中文摘要 时间差分学习（TD）是强化学习中估算价值函数的基本算法。近期对TD的有限时间分析通过线性函数近似量化了其理论收敛率。然而，它们通常需要使用与问题相关的变量来设置算法参数，这些量在实际中难以估计——例如特征协方差的最小特征值（\（\omega\））或底层马尔可夫链的混合时间（\（\tau_{\text{mix}}\））。此外，一些分析依赖于非标准且不切实际的修改，加剧了理论与实践之间的鸿沟。为解决这些限制，我们使用标准TD（0）算法的指数步长调度。我们将所得方法在两种抽样模式下分析：从平稳分布独立且同分布（i.i.d.）抽样，以及更实用的马尔可夫采样，沿着单一轨迹进行。在i.i.d.\场景下，所提算法无需了解如\（\omega\）等问题相关量，并在最后一次迭代中实现最优的偏置-方差权衡。在马尔可夫情境下，我们提出了一个具有指数步长排度的正则化TD（0）算法。最终算法实现了与之前作品相当的收敛率，无需投影、迭代平均，也无需了解 \（\tau_{\text{mix}}\）或 \（\omega\）

Heterogeneous Agent Collaborative Reinforcement Learning

异构代理协作强化学习

Authors: Zhixia Zhang, Zixuan Huang, Xin Xia, Deqing Wang, Fuzhen Zhuang, Shuai Ma, Ning Ding, Yaodong Yang, Jianxin Li, Yikun Ban
Subjects: Subjects: Machine Learning (cs.LG)
Arxiv link: https://arxiv.org/abs/2603.02604
Pdf link: https://arxiv.org/pdf/2603.02604
Abstract We introduce Heterogeneous Agent Collaborative Reinforcement Learning (HACRL), a new learning paradigm that addresses the inefficiencies of isolated on-policy optimization. HACRL enables collaborative optimization with independent execution: heterogeneous agents share verified rollouts during training to mutually improve, while operating independently at inference time. Unlike LLM-based multi-agent reinforcement learning (MARL), HACRL does not require coordinated deployment, and unlike on-/off-policy distillation, it enables bidirectional mutual learning among heterogeneous agents rather than one-directional teacher-to-student transfer. Building on this paradigm, we propose HACPO, a collaborative RL algorithm that enables principled rollout sharing to maximize sample utilization and cross-agent knowledge transfer. To mitigate capability discrepancies and policy distribution shifts, HACPO introduces four tailored mechanisms with theoretical guarantees on unbiased advantage estimation and optimization correctness. Extensive experiments across diverse heterogeneous model combinations and reasoning benchmarks show that HACPO consistently improves all participating agents, outperforming GSPO by an average of 3.3\% while using only half the rollout cost.
中文摘要 我们介绍异构代理协作强化学习（HACRL），这是一种新的学习范式，旨在解决孤立的策略优化的低效问题。HACRL实现了协作优化，实现了独立执行：异构代理在训练过程中共享经过验证的部署以相互改进，同时在推理时独立运行。与基于LLM的多智能体强化学习（MARL）不同，HACRL不需要协调部署，且与开/关策略提纯不同，它支持异构代理之间的双向互学习，而非单向教师与学生的转移。基于这一范式，我们提出了HACPO，一种协作强化学习算法，能够实现有原则的推广共享，以最大化样本利用率和跨智能体知识转移。为缓解能力差异和策略分布变化，HACPO引入了四种量身定制的机制，理论上保证无偏优势估计和优化正确性。在多种异构模型组合和推理基准中的广泛实验表明，HACPO持续提升所有参与代理，平均比GSPO高出3.3%的表现，且仅使用了一半的推广成本。

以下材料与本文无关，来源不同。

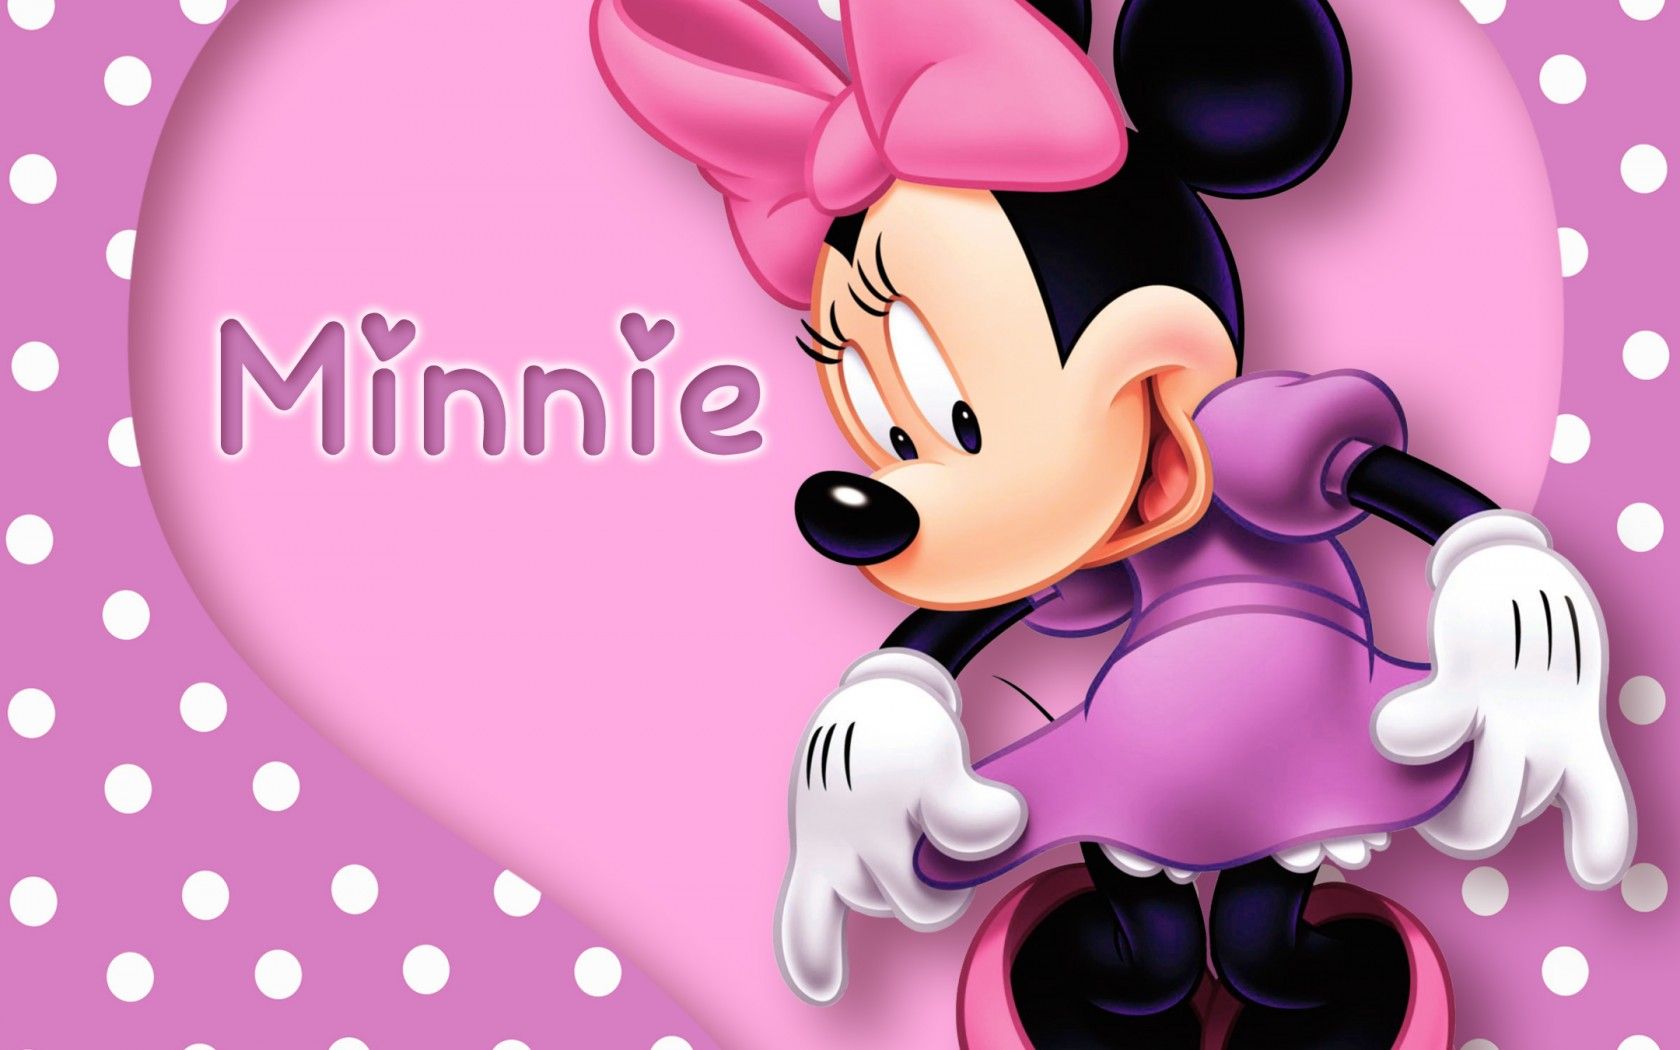 Minnie Wallpaper mouse cartoon disney pink purple polka dots heart

Real-Time Generative Policy via Langevin-Guided Flow Matching for Autonomous Driving

通过朗之万引导流量匹配实现自动驾驶的实时生成策略

Authors: Tianze Zhu, Yinuo Wang, Wenjun Zou, Tianyi Zhang, Likun Wang, Letian Tao, Feihong Zhang, Yao Lyu, Shengbo Eben Li
Subjects: Subjects: Machine Learning (cs.LG); Robotics (cs.RO)
Arxiv link: https://arxiv.org/abs/2603.02613
Pdf link: https://arxiv.org/pdf/2603.02613
Abstract Reinforcement learning (RL) is a fundamental methodology in autonomous driving systems, where generative policies exhibit considerable potential by leveraging their ability to model complex distributions to enhance exploration. However, their inherent high inference latency severely impedes their deployment in real-time decision-making and control. To address this issue, we propose diffusion actor-critic with entropy regulator via flow matching (DACER-F) by introducing flow matching into online RL, enabling the generation of competitive actions in a single inference step. By leveraging Langevin dynamics and gradients of the Q-function, DACER-F dynamically optimizes actions from experience replay toward a target distribution that balances high Q-value information with exploratory behavior. The flow policy is then trained to efficiently learn a mapping from a simple prior distribution to this dynamic target. In complex multi-lane and intersection simulations, DACER-F outperforms baselines diffusion actor-critic with entropy regulator (DACER) and distributional soft actor-critic (DSAC), while maintaining an ultra-low inference latency. DACER-F further demonstrates its scalability on standard RL benchmark DeepMind Control Suite (DMC), achieving a score of 775.8 in the humanoid-stand task and surpassing prior methods. Collectively, these results establish DACER-F as a high-performance and computationally efficient RL algorithm.
中文摘要 强化学习（RL）是自动驾驶系统中的一种基础方法论，生成策略通过利用其对复杂分布建模的能力，展现出巨大的潜力，以增强探索能力。然而，其固有的高推理延迟严重阻碍了其在实时决策和控制中的部署。为解决这一问题，我们提出了通过流匹配（DACER-F）实现的扩散演员-批判者与熵调节，通过在线强化学习引入流匹配，使在单一推理步骤内生成竞争动作成为可能。通过利用朗之文动力学和Q函数梯度，DACER-F动态优化了从经验回放中到平衡高Q值信息与探索行为的目标分布。随后，流策略被训练以高效地从简单的先验分布到该动态目标的映射。在复杂的多车道和交叉模拟中，DACER-F 优于带有熵调节器（DACER）和分布软演员-批判者（DSAC）的基线扩散演员-批判者，同时保持超低推理延迟。DACER-F在标准强化学习基准测试DeepMind控制套件（DMC）上进一步展示了其可扩展性，在类人模型任务中得分为775.8，超越了以往方法。综合来看，这些结果确立了DACER-F作为一种高性能且计算高效的强化学习算法。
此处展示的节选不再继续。